The following examples are in the spirit of George Pólya, who advocated learning mathematics by doing and re-capitulating as many examples and proofs as possible. The purpose of this article is to present common tricks of the trade in context, so that the reader may incorporate them into his knowledge.

Contents

[edit] Worked example A: basics

New generating functions can be created by extending simpler generating functions. For example, starting with

G(1;x)=\sum_{n=0}^{\infty} x^n = \frac{1}{1-x}

and replacing x with 2x, we obtain

G(1;2x)=\frac{1}{1-2x} = 1+(2x)+(2x)^2+\cdots+(2x)^n+\cdots=G(2^n;x).

[edit] Worked example B: Fibonacci numbers

Consider the problem of finding a closed formula for the Fibonacci numbers Fn defined by F0 = 0, F1 = 1, and Fn = Fn−1 + Fn−2 for n ≥ 2. We form the ordinary generating function

f = \sum_{n \ge 0} F_n x^n

for this sequence. The generating function for the sequence (Fn−1) is xf and that of (Fn−2) is x2f.

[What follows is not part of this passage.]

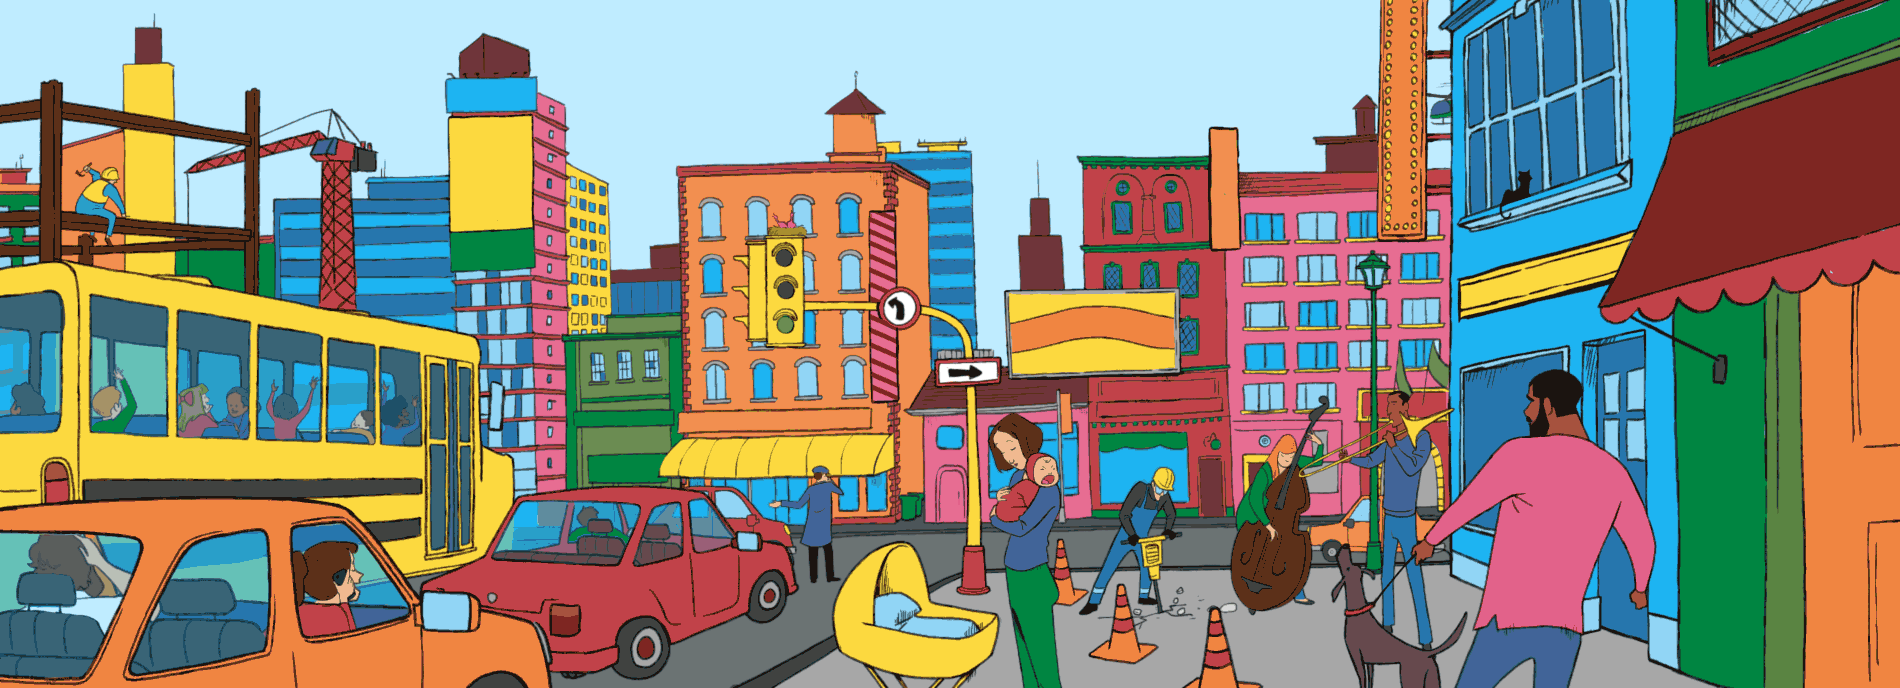 Animation: A woman holding a crying baby stands on a busy street corner. Around her, there are cars driving, people walking, a bustling city.
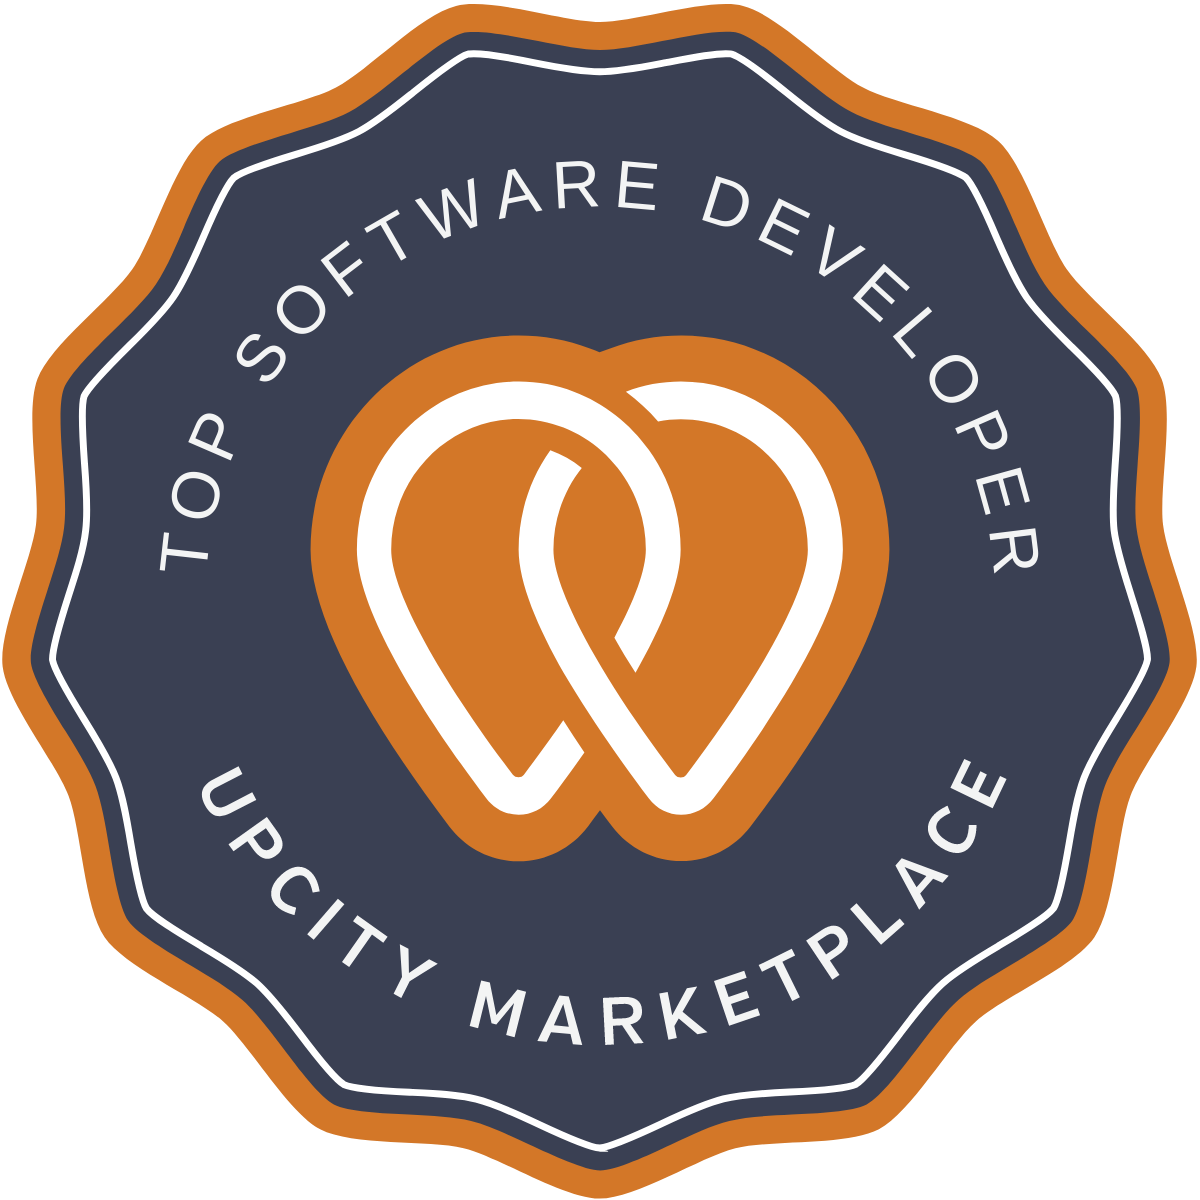 Rendr is a Top Software Development Company on Upcity

From the recurrence relation, we therefore see that the power series xf + x2f agrees with f except for the first two coefficients:

\begin{array}{rcrcrcrcrcrcr} f    & = & F_0x^0 & + & F_1x^1 & + & F_2x^2 & + & \cdots & + & F_ix^i & + &\cdots\\ xf   & = &        &  & F_0x^1  & + & F_1x^2 & + & \cdots & + &F_{i-1}x^i & + &\cdots\\ x^2f & = &        &  &         &   & F_0x^2 & + & \cdots & + &F_{i-2}x^i & +&\cdots\\ (x+x^2)f & = &    &  & F_0x^1  & + & (F_0+F_1)x^2 & + & \cdots & + & (F_{i-1}+F_{i-2})x^i & +&\cdots\\      & = &        &  &         &   & F_2x^2       & + & \cdots & + & F_ix^i & +& \cdots\\ \end{array}

Taking these into account, we find that

f = xf + x^2 f + x . \,\!

(This is the crucial step; recurrence relations can almost always be translated into equations for the generating functions.) Solving this equation for f, we get

f = \frac{x} {1 - x - x^2} .

The denominator can be factored using the golden ratio φ1 = (1 + √5)/2 and φ2 = (1 − √5)/2, and the technique of partial fraction decomposition yields

f = \frac{1}{\sqrt{5}} \left (\frac{1}{1-\varphi_1 x} - \frac{1} {1- \varphi_2 x} \right ) .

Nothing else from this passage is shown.